- Aim of the task: Nothing but the text belongs in the answer: the listing below, copied exactly, without pictures.

- The data:
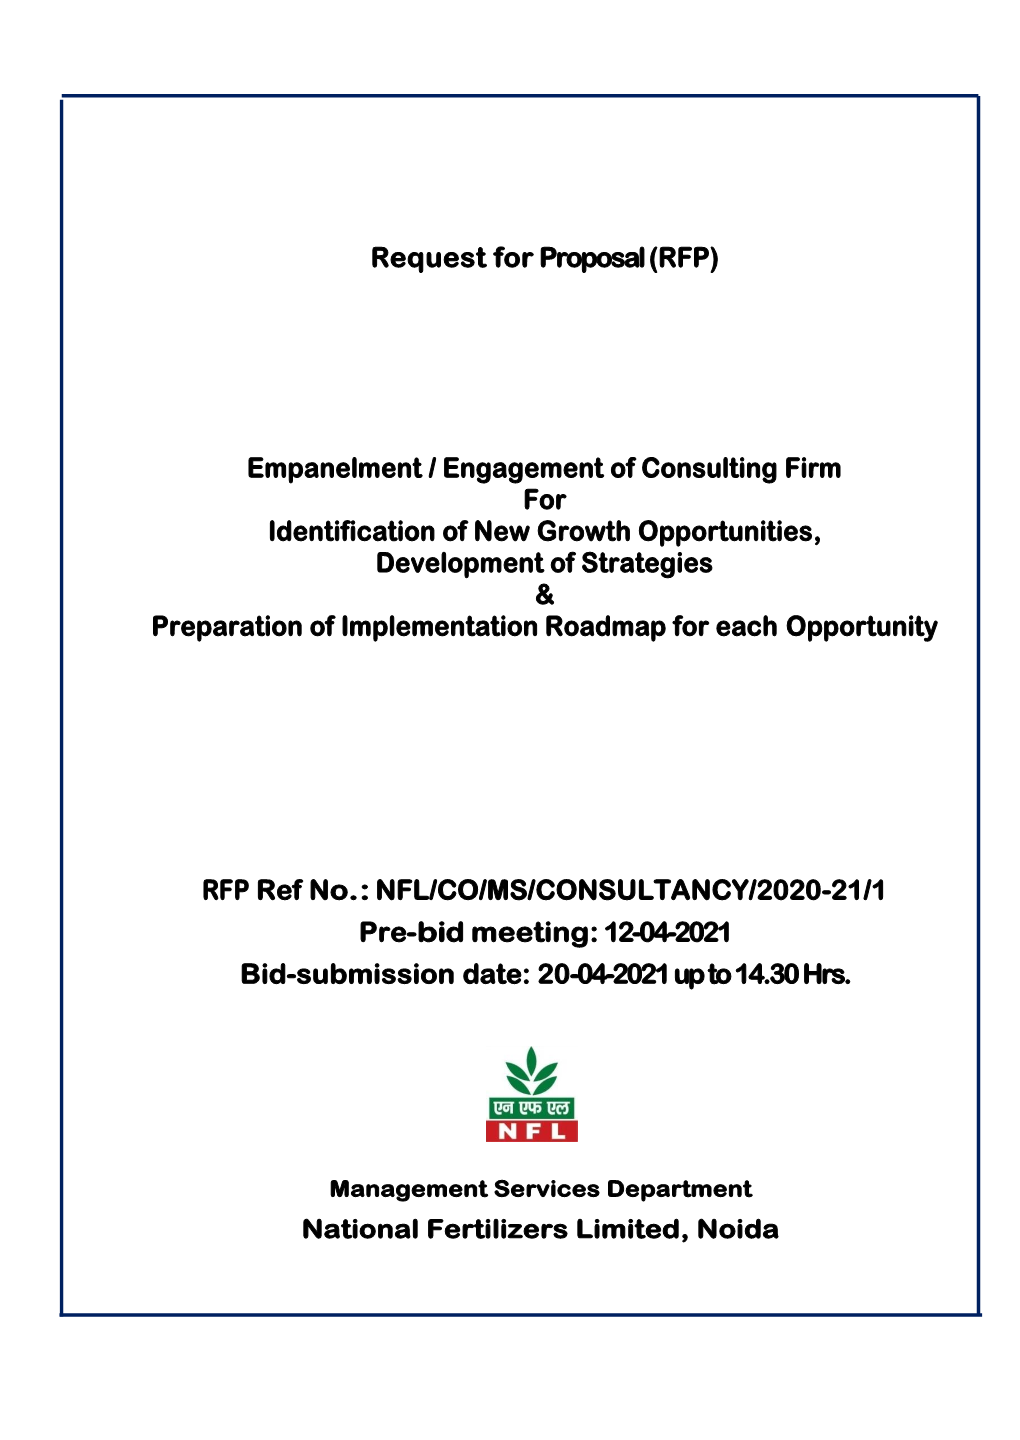 (RFP) Empanelment / Engagement of Consulting Firm for Identification Of
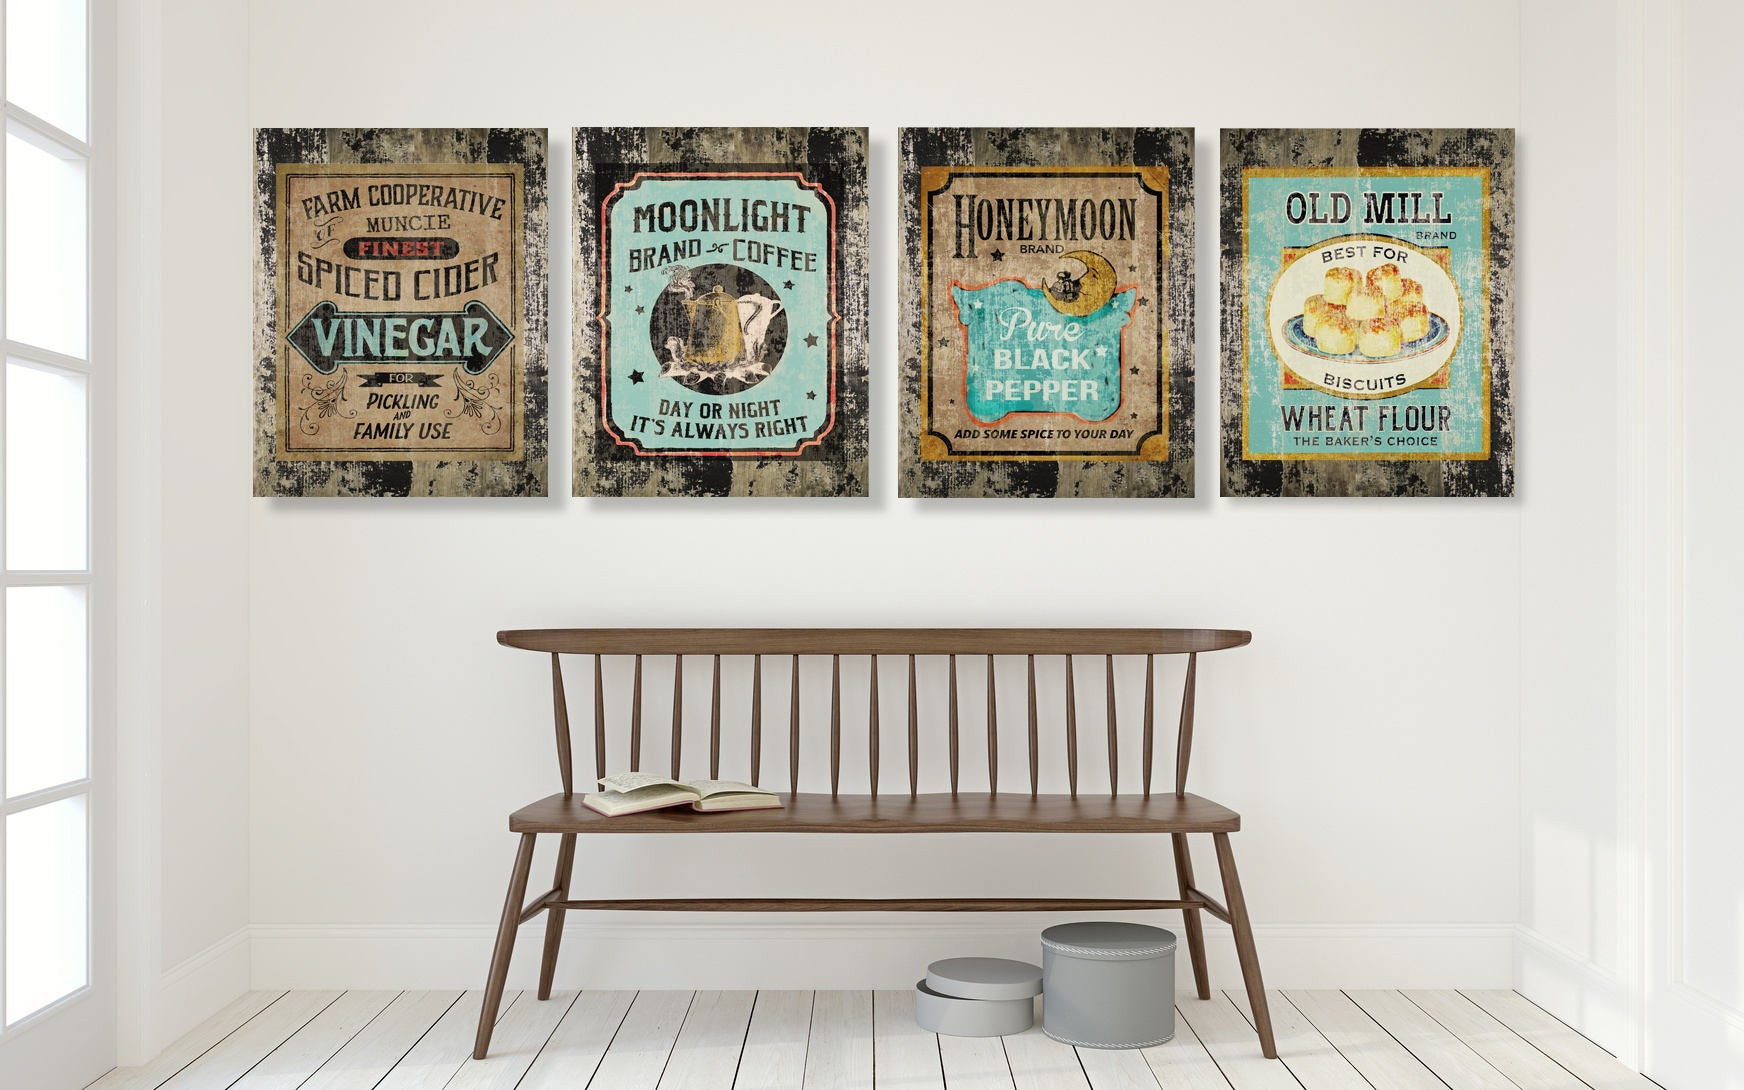 Rustic Kitchen Wall Art
 Teal Farmhouse Kitchen Decor Country Decor Rustic Wall Art

- Answer space:
 (RFP) Empanelment / Engagement of Consulting Firm for Identification Of
 Rustic Kitchen Wall Art
 Teal Farmhouse Kitchen Decor Country Decor Rustic Wall Art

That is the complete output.